Simple is sweet


While reading some interesting discussions on Quora, I saw a question that evoked a few interesting thoughts that I wish to share here. The question was about the reason why a few writers are passionate about flamboyant and pompous words that are a hard to understand. I found the discussion worth reading as there was a time when I too had the very same curiosity, and kept wondering how an average reader would decipher a message that’s delivered in a bombastic style. I am not totally against using dense words, but at the same time not an ardent lover of obscure pieces with hard to make out messages. In my opinion every piece of writing should be equally palatable for the expert as well as the average reader, and both should enjoy it in alike. But nowadays even national dailies are ‘victims’ of the high propensity to use long and complex words, when smaller ones will do, only to impress people and make them go gaga about their limitless vocabulary. To be frank, I am not a huge fan of such people, writers, or journalists, who use unnecessarily long words like “perambulating” instead of “walking”, and I do believe that almost everything in this world can be said in simple and less obscure words which are not more than five letters in length.

I am not saying that people use complex vocabularies intentionally, but I think many people do have this false notion that a worth reading post or an article should have a good number of those glitzy and hard to understand words, which they think would make the write-up scholarly and relevant.

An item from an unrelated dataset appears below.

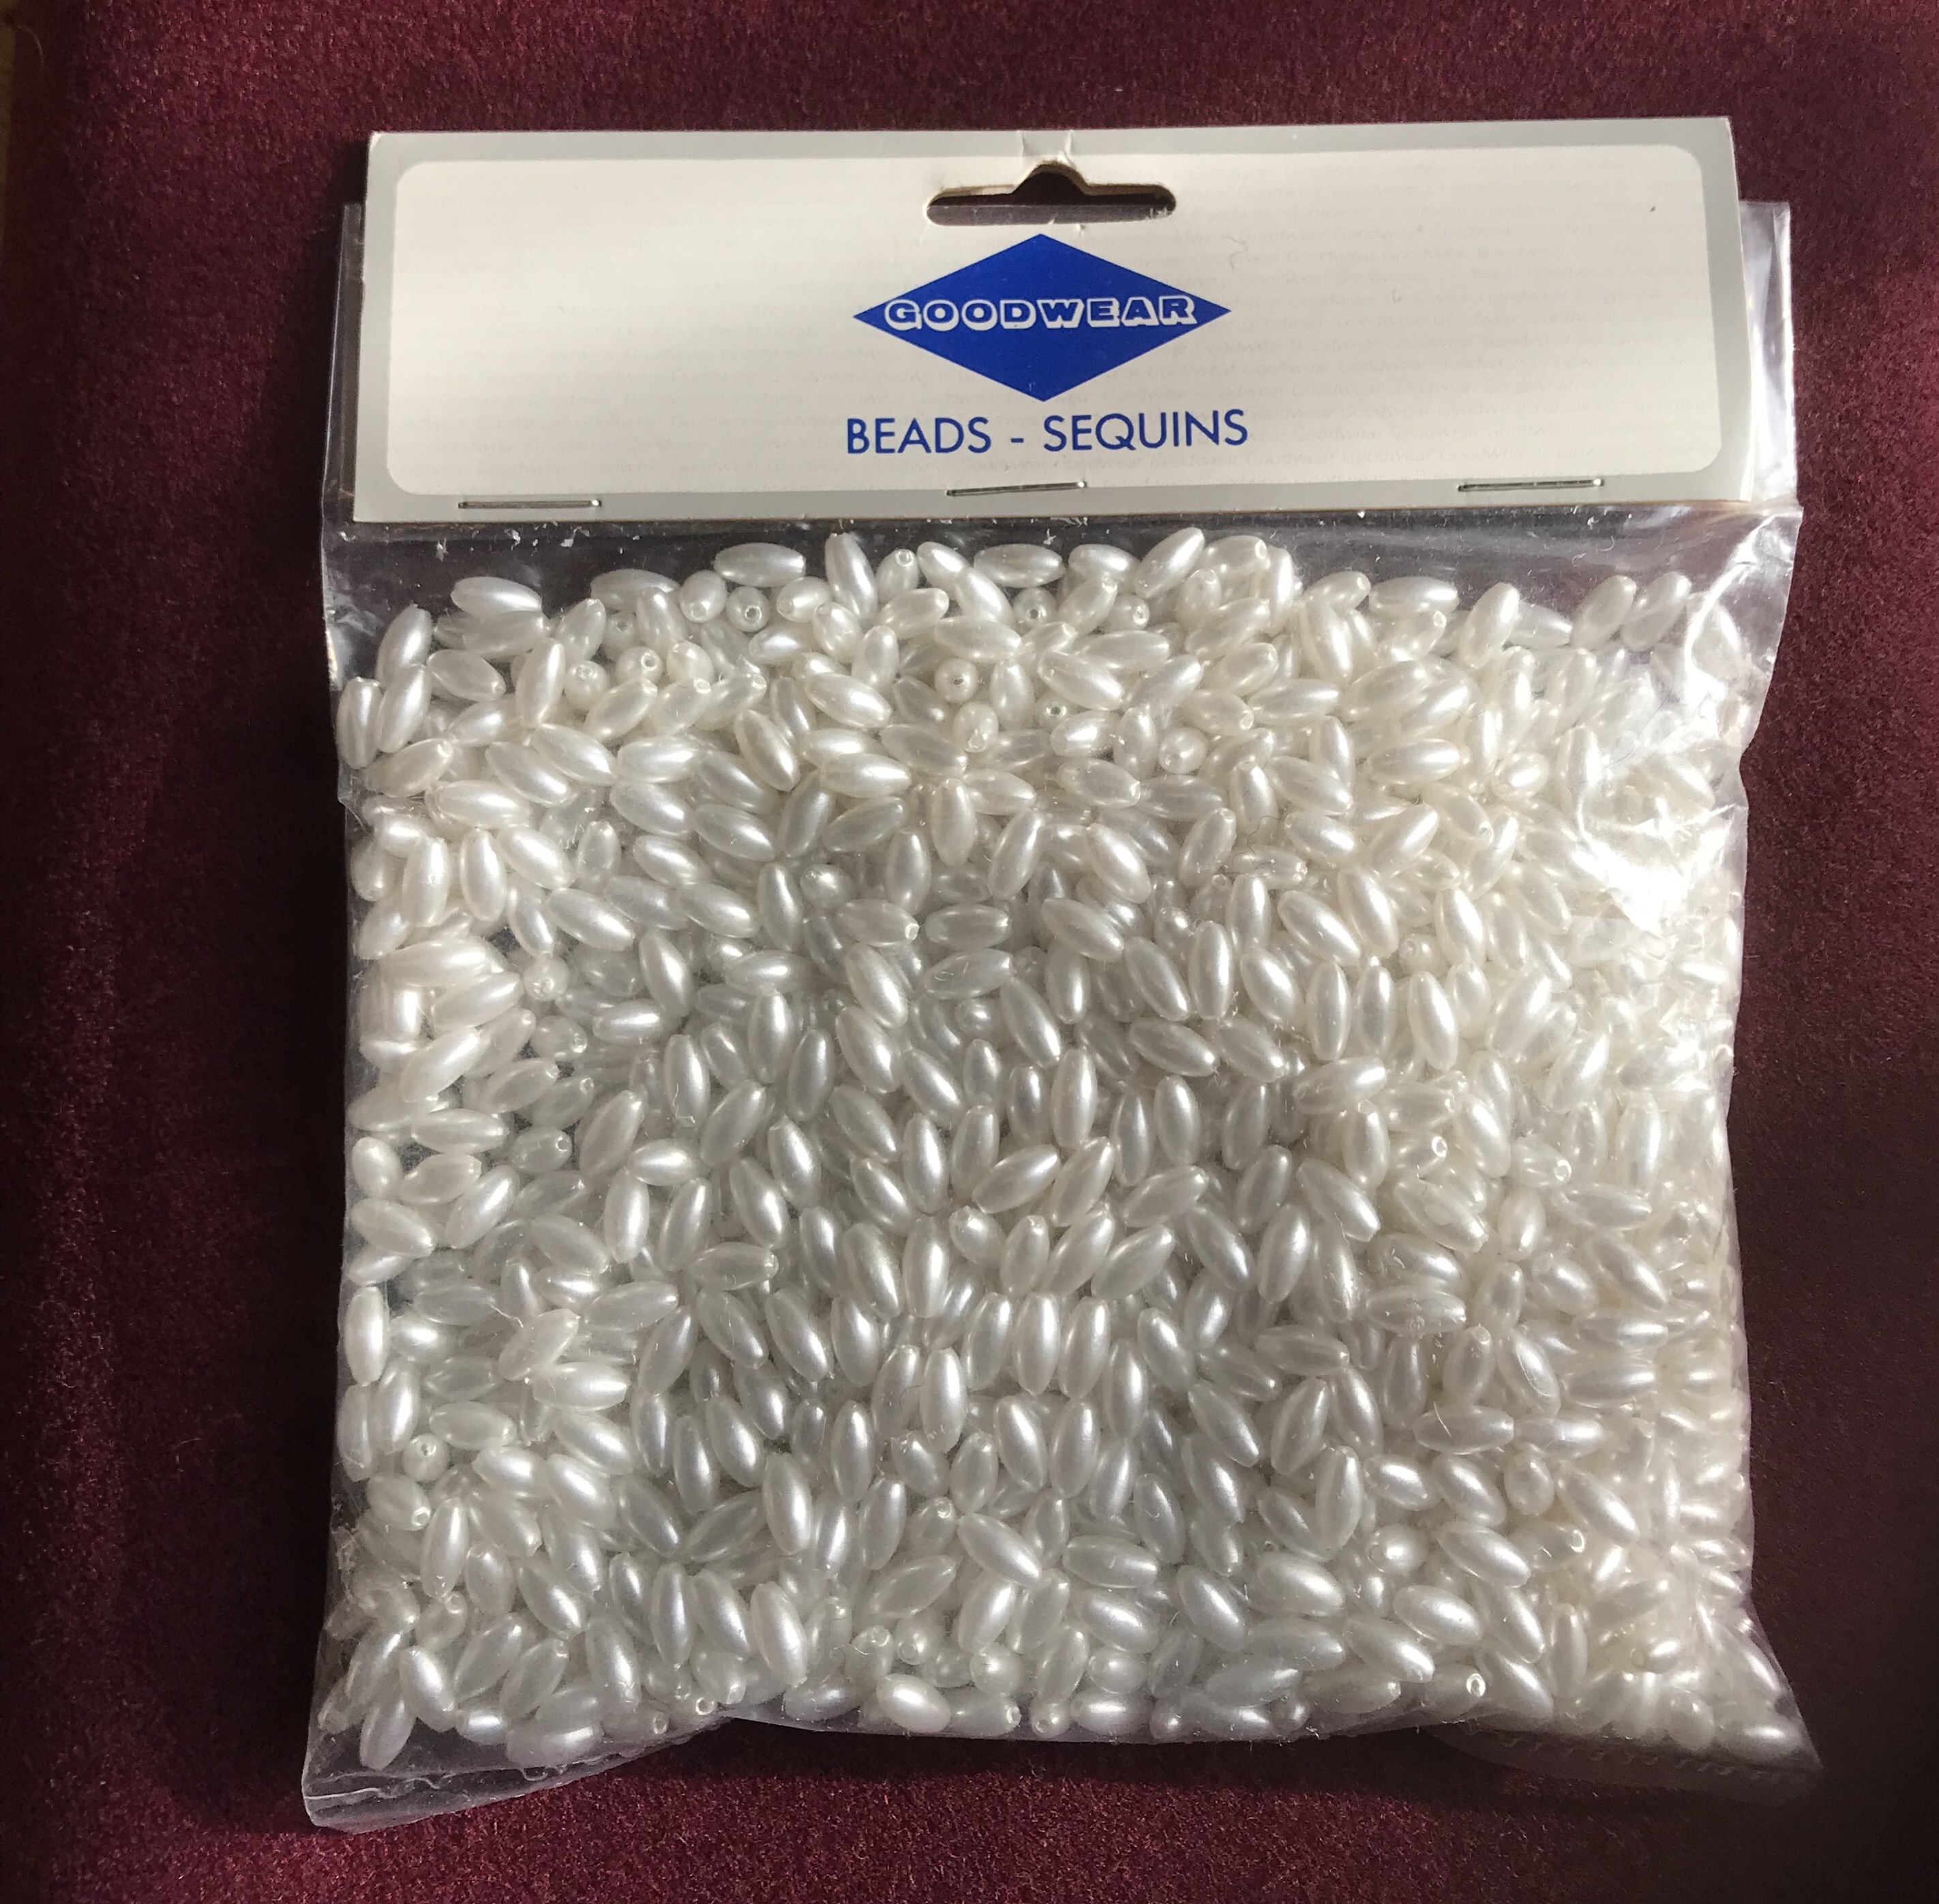 100grms bag of Goodwear Beads

I think they are thoroughly wrong, and I am sure that most of the readers would stop reading such articles half the way just because of the complexity with which the writer has tried to deliver the message. Whatever the topic is, a piece of writing would look interesting and catchy only of it is written in simple and interesting language to help people understand and enjoy it, and not to forcefully make them depend on a dictionary to get the gist of what’s written in the post. I recently read somewhere that writers who are addicted to using bombastic words should cure themselves of sesquipedalianism, a word that sounded to me like kind of grave disease. I kept wondered what this word could be and had to refer the dictionary to know that it is nothing but the practice of using long, and sometimes obscure, words. If sesquipedalianism is a word that’s hardly used by an average reader, how can he/she admire the work of writer who is addicted to sesquipedalianism?

When it comes to writing for a mass audience, I think it’s very important to avoid the words, phrases, and usages that are beyond the reach of an average reader, as less obscure and accessible writing is what most of the people look for these days. Using the “must be understandable to everyone” kind of language will never spoil the beauty of a piece of work, nor will it portray the writer as a person with limited vocabulary. Instead it will only make the writing interesting, thus making it appealing to a wide range of people. If a piece of writing is meant for the elite readers alone, who are acquainted with the so called “rich and classy” words, it’s definitely fine to fill-in the write-up with such words, or else why spoil the beauty of writing by stuffing it with complex and obscure lexis that would make it indigestible and unappealing to the readers?